On the issue of criminal prosecutions being an adequate deterrent: The food safety amendment to China’s Criminal Law was in 2011, and there has been a spike in prosecutions generally since that time. But here is where we need to see more public, in depth methodological assessments by an agency or an outside group about whether and why implementation of a particular policy or is or is not working. Is anyone aware of data on this point?
Alexa Olesen
On the trust issue, or why Chinese food producers cheat: Some people argue that China’s food safety problems are born of ignorance (“the farmers feed their bees chloramphenicol/pigs clenbuterol because unscrupulous vendors sell it to them promising healthy bees/lean pigs … they don't even know what it is”), while others say poverty (“profit margins for a Chinese farmer are so razor-thin, they can't afford not to rip off the customer … if they don't water down their milk/inject their pork with water, they’d go out of business”), and while there’s some truth to both of these, ultimately they are excuses. Farmers know better and consumers will pay a premium for quality.
But, as Isabel pointed out, the nationalization of China’s food market has separated the producers from their customers and given them a buffer zone that makes it just that much easier to cheat. Clear, well-enforced penalties should help but it’s perhaps too early to tell how effective the new regulations will be. (John, I am not aware of any good, outside data on enforcement.)
Back to consumer purchasing power: Chinese farmers are learning that urban elites are willing to pay a premium for quality and this has spurred the growth of the organic industry. While there’s plenty of corruption or false labeling in that sector, nurturing and valuing best practices hopefully will help revive pride in farm work and respect for farmers. The multi-part CCTV documentary ‘Bite of China’ reminded many Chinese of the country’s incredible food traditions and showed them there still are some principled food artisans out there, making tofu or sausages and harvesting mushrooms with care. More should be done to foster and encourage that kind of pride. It would be nice to see a mainland version of ‘Eat Drink Man Woman’ or ‘Tampopo.’ China's due for a good film like that.
Jeremy Goldkorn
I’d just like to answer this question posed by a reader below:
”On a related note, one of the underlying points here is that despite the severity of government-sanctioned punishment, violations remain widespread. We'd be curious to hear perspectives on why these are not effective deterrents.”

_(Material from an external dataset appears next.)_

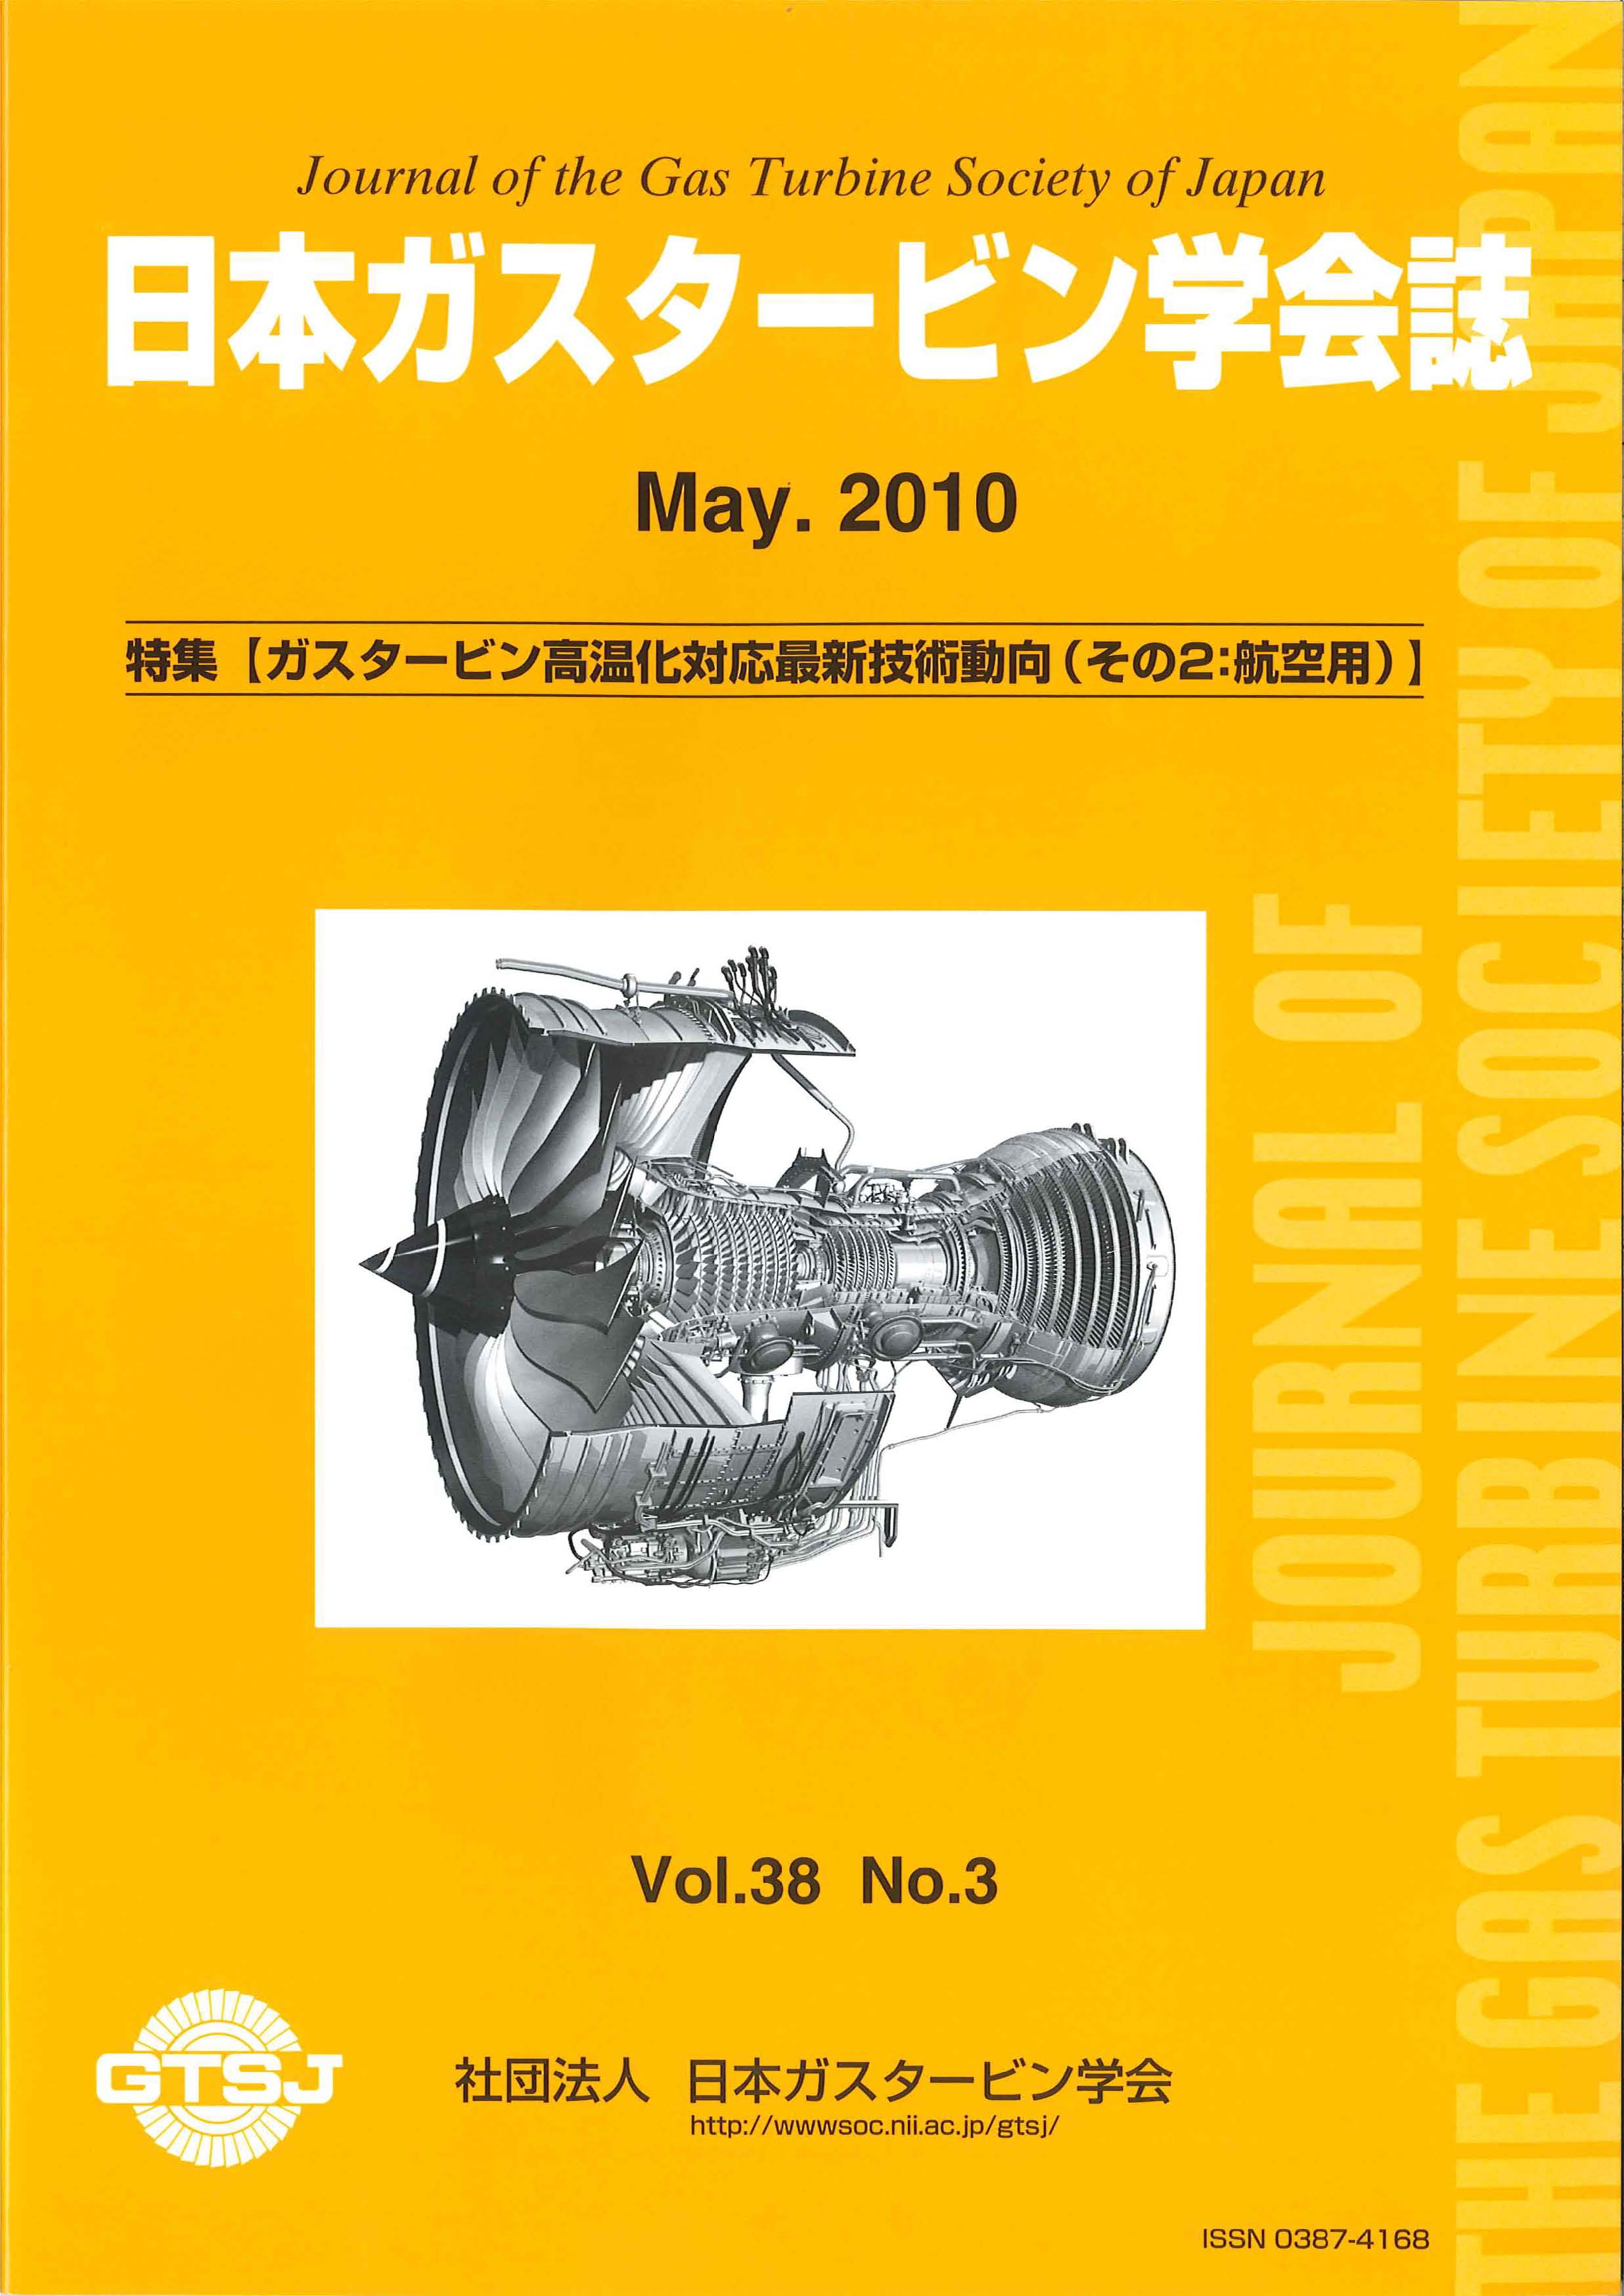 日本ガスタービン学会誌 Vol.38 No.3 2010年5月 表紙画像

One of the complaints you hear in Chinese media circles is that if the authorities went after manufacturers of substandard and poisonous food with the same enthusiasm and attention to detail that they bring to monitoring the media and the Internet and clamping down on certain kinds of public discussion, the food safety problem could be solved overnight. Whereas there is a nationwide, well resourced, multi-layered system of censorship that ensures no newspaper or website in the whole country can get away with ideological impurities or printing news that may contain ‘spiritual pollution,’ there does not seem to be the same commitment to supervising the purity and safety of food.
All the laws in the world about food quality cannot make up for lax enforcement, or the corruption that many Chinese people assume is the reason the poisoners and adulterators of food seem to get away scot free.